Specifically, the paper on the electricity price brake says: “Private households can be credited with a certain amount of electricity at a reduced price (basic consumption).

Households are noticeably relieved financially and at the same time there is an incentive to save energy.

For small and medium-sized companies with a utility tariff, the same processing applies as for households.”

The electricity price brake is, at least according to the wording of the paper, one of the points in the relief package, from which not only the recipients of transfer payments but also the working middle class and medium-sized entrepreneurs should benefit.

The only other significant relief for them is the adjustment of the tax rate to inflation (reduction of the cold progression), the increase in child benefit and the full deductibility of the pension insurance contributions – which was a matter of course in previous years.

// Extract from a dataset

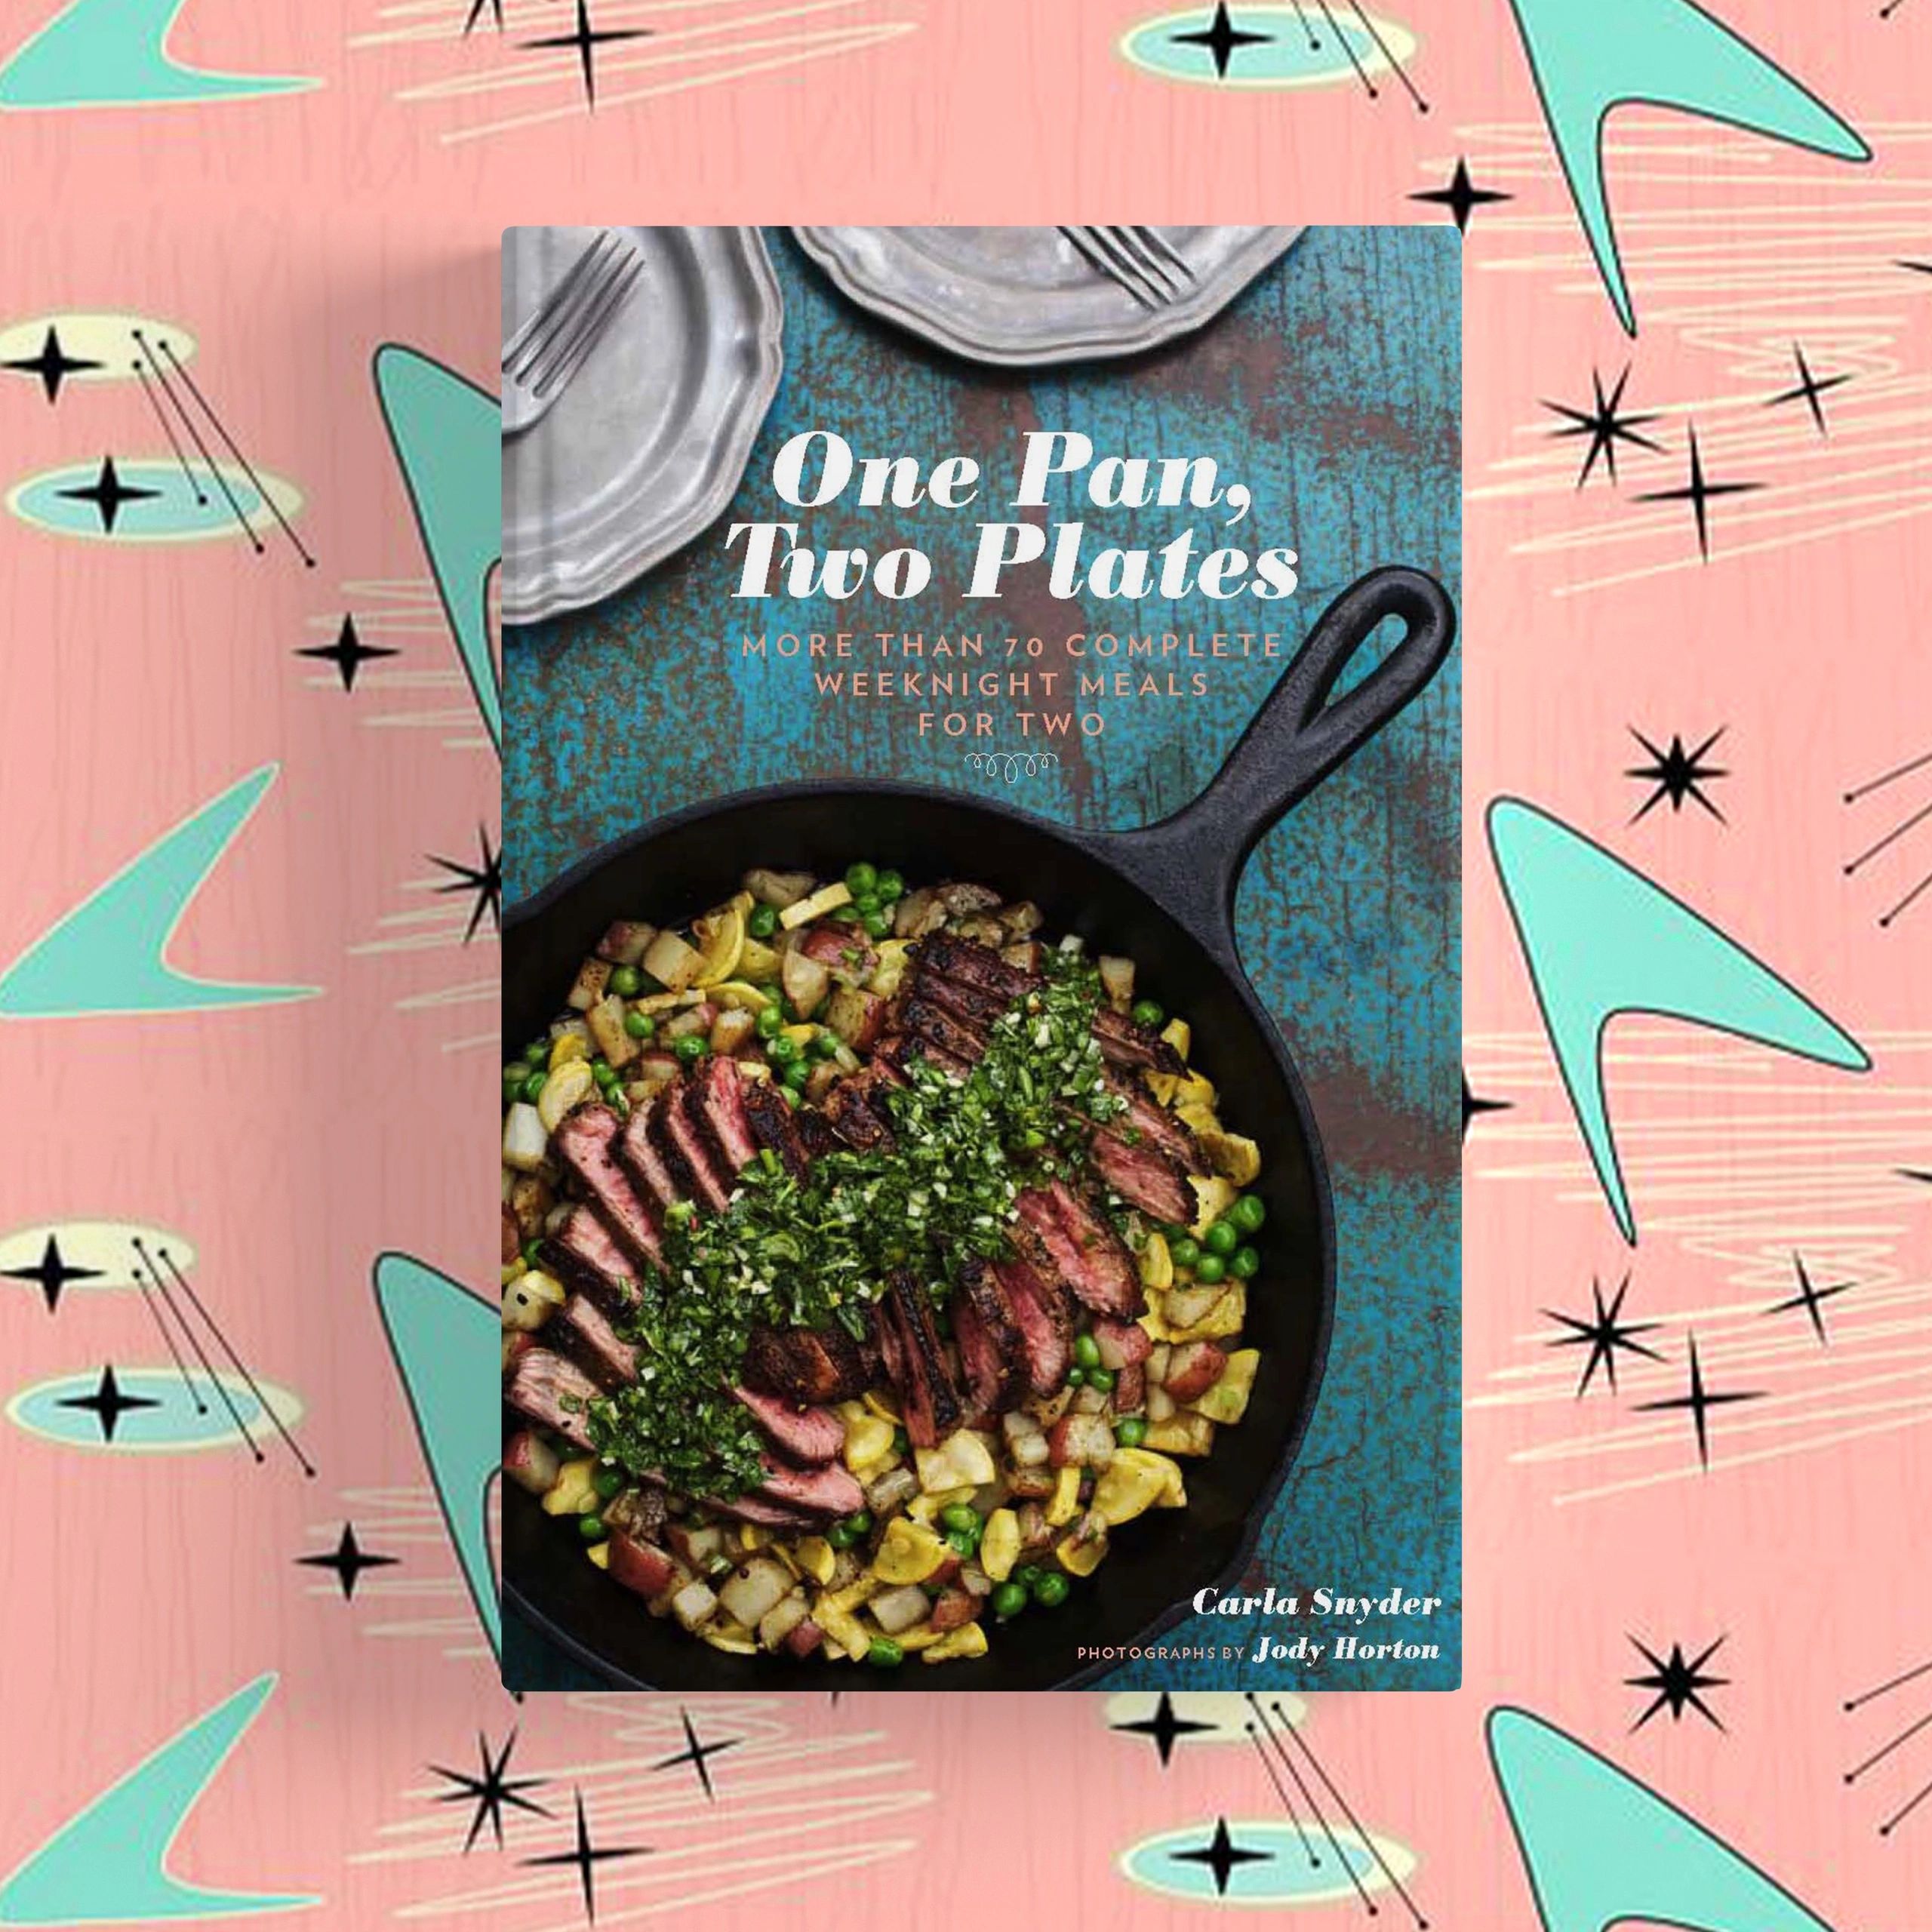 Review: 'One Pan, Two Plates' (Carla Snyder)

Low-income households should benefit

Before Habeck's spokeswoman commented on the electricity price brake, Green Party leader Omid Nouripour had already made it clear that the electricity price brake should primarily benefit people with little money.

It will be about a small amount of electricity that you need to make ends meet, he said on "Deutschlandfunk": "We are talking about a family in 48 square meters and not about a villa." Such households should cover 100 percent of their consumption in the Price capped, others only a fraction.

Many details are still open as to how the 19 relief measures, some of which have several sub-items, are to be financed.

Even on Monday, the federal government could not explain how the figure of 65 billion euros in relief is actually composed.

Finance Minister Christian Lindner (FDP) only said on Sunday that 32 billion euros should be financed from the existing budget plans for this year and next.

Part of the promised relief is to come from the companies, such as the electricity producers, whose "chance profits" are now to be redistributed.

Other measures such as the 49 or 69 euro ticket are to be co-financed by the federal states, although their willingness to do so has so far varied.